7-Tage-Wettertrend: Die Schneefallgrenze sinkt

Kälte macht Schnee wahrscheinlicher

Nach ein paar ruhigen Tagen kommt wieder Schwung in die Prognosen: Regionale Glätte an Nikolaus und viel Wind mit milderen Temperaturen am 2. Adventswochenende. In der nächsten Woche wird es dann spannend. Es wird kälter, die Schneefallgrenze sinkt und Tiefs schleppen viel Feuchte an.

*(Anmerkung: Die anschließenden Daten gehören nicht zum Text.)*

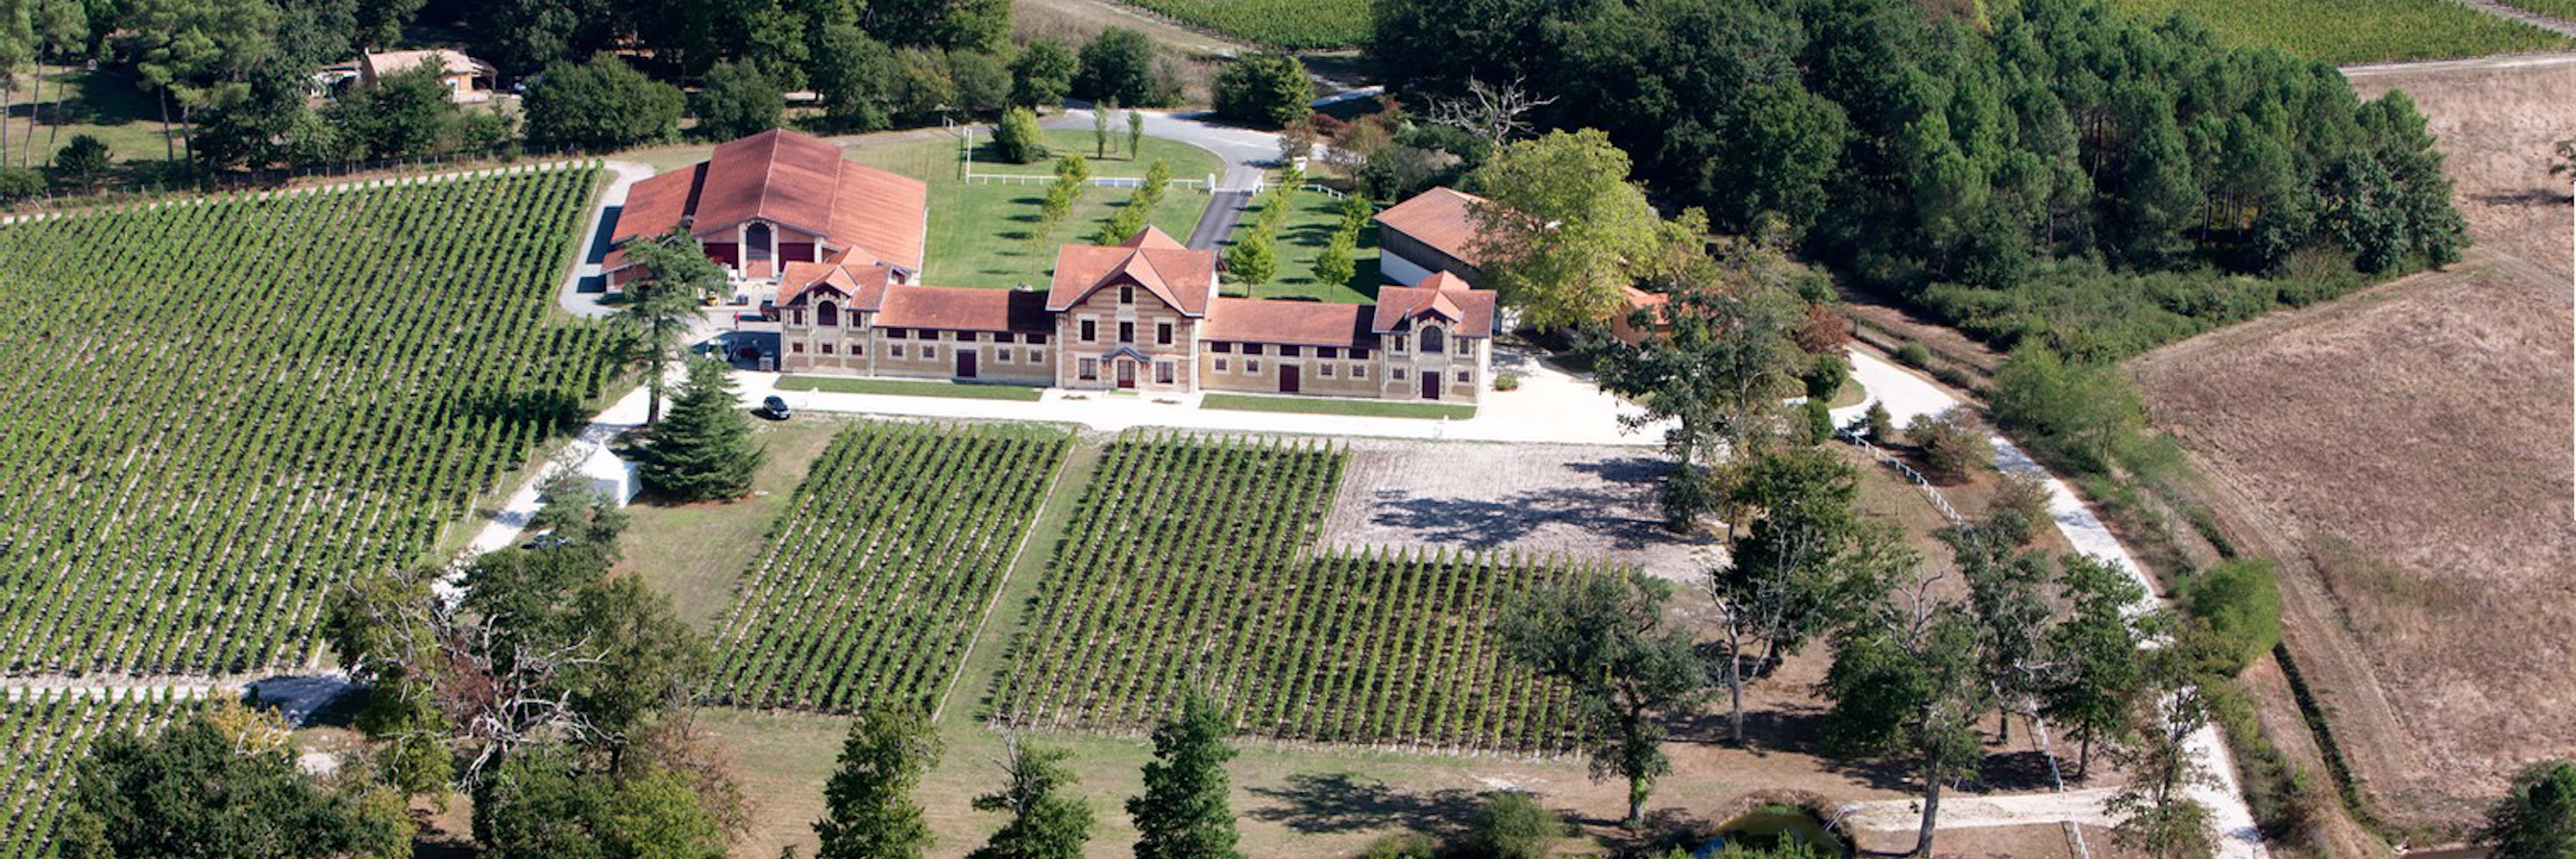 An aerial photo of vineyard startup accelerator Chateau Le Sartre bordeaux france
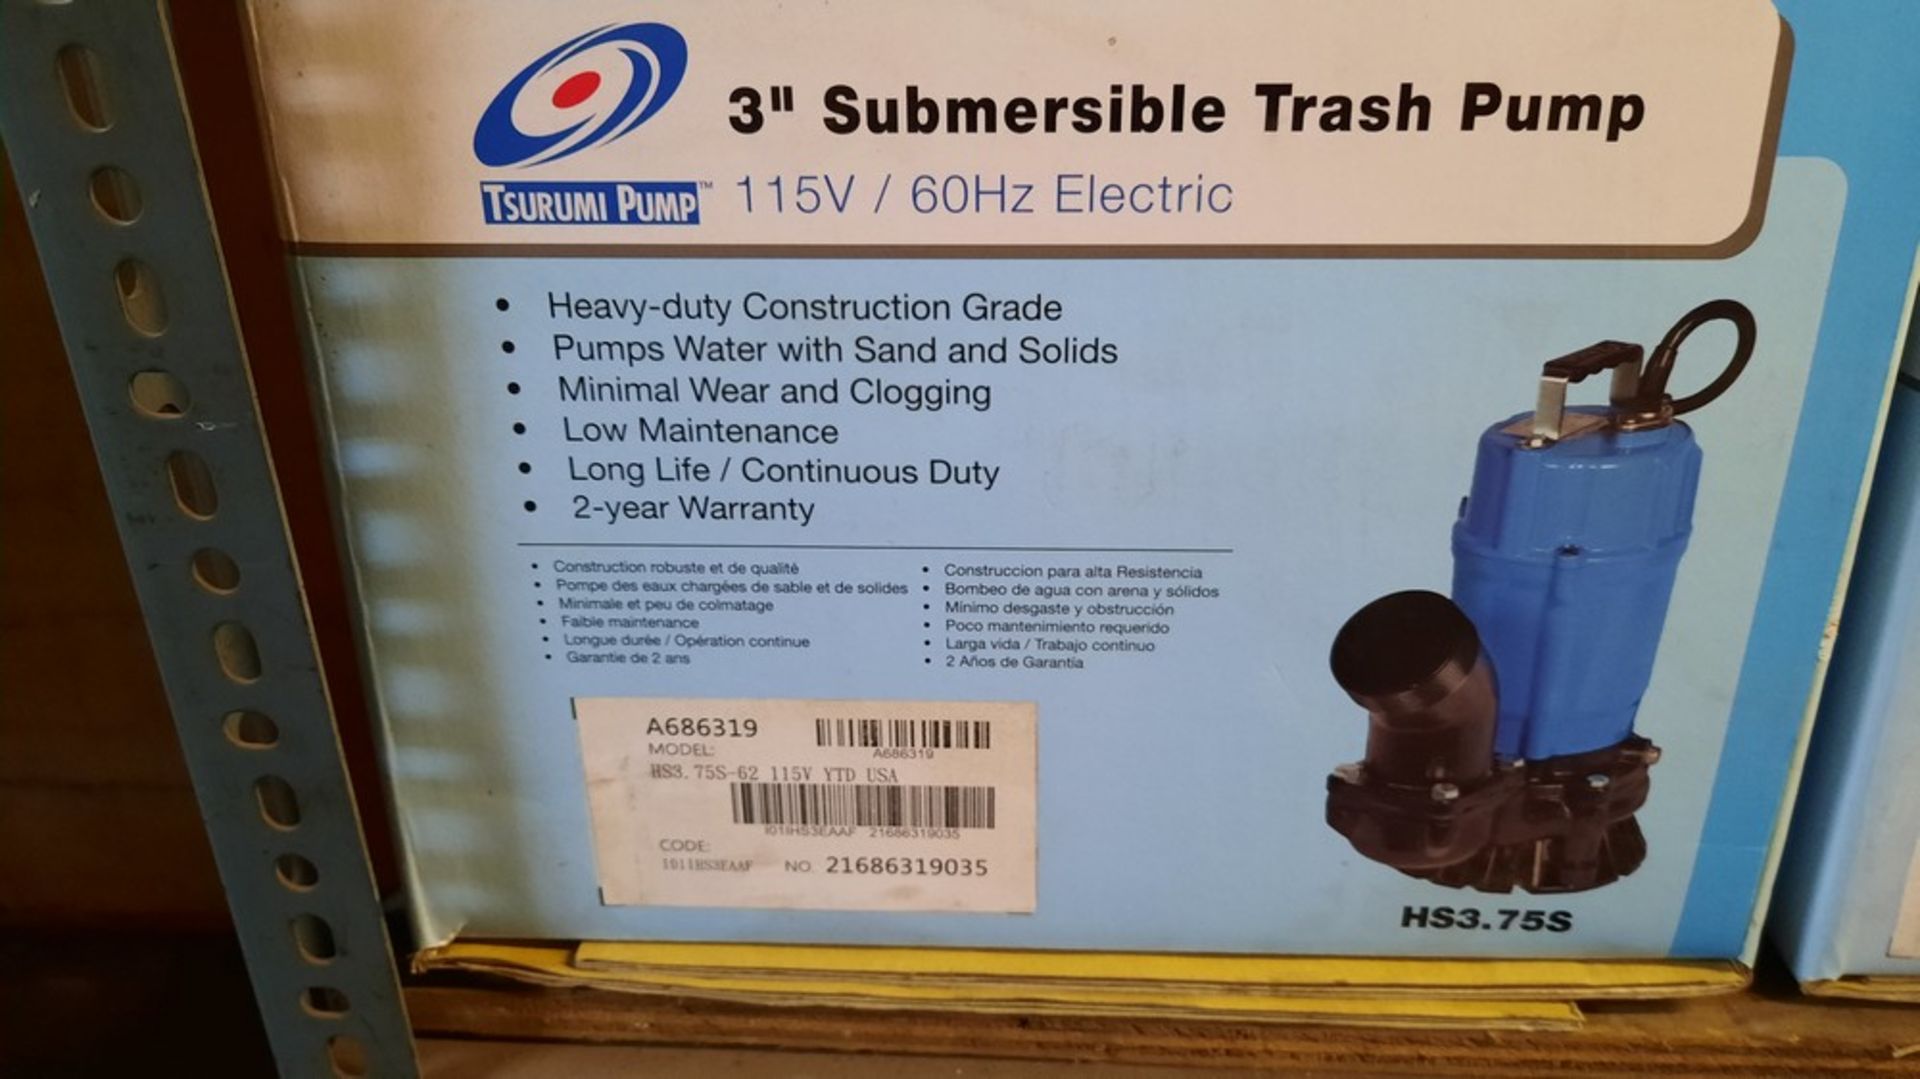 3'' Submersible Trash Pump (see photo for specifications)

Freitag: Nikolaus mit Glättewarnung

In Bayern und Baden-Württemberg gibt es nochmals ruhiges und außerhalb vereinzelter Nebelfelder noch recht sonniges Wetter. Im Westen und Norden fällt Regen, der sich im Tagesverlauf bis auf eine Linie Saarland-Erzgebirge ausbreitet. In den Mittelgebirgen besteht bei einsetzendem Regen Gefahr von Glatteis (Regen fällt auf den noch gefrorenen Boden).

Die Höchstwerte liegen nördlich der Mittelgebirge sowie auf den höheren Lagen im Süden bei 7 bis 11 Grad, sonst nur bei 0 bis 5 Grad. Der Südwestwind frischt kräftig auf, an der Nordsee sowie auf den Gipfeln der Mittelgebirge sind Sturmböen dabei.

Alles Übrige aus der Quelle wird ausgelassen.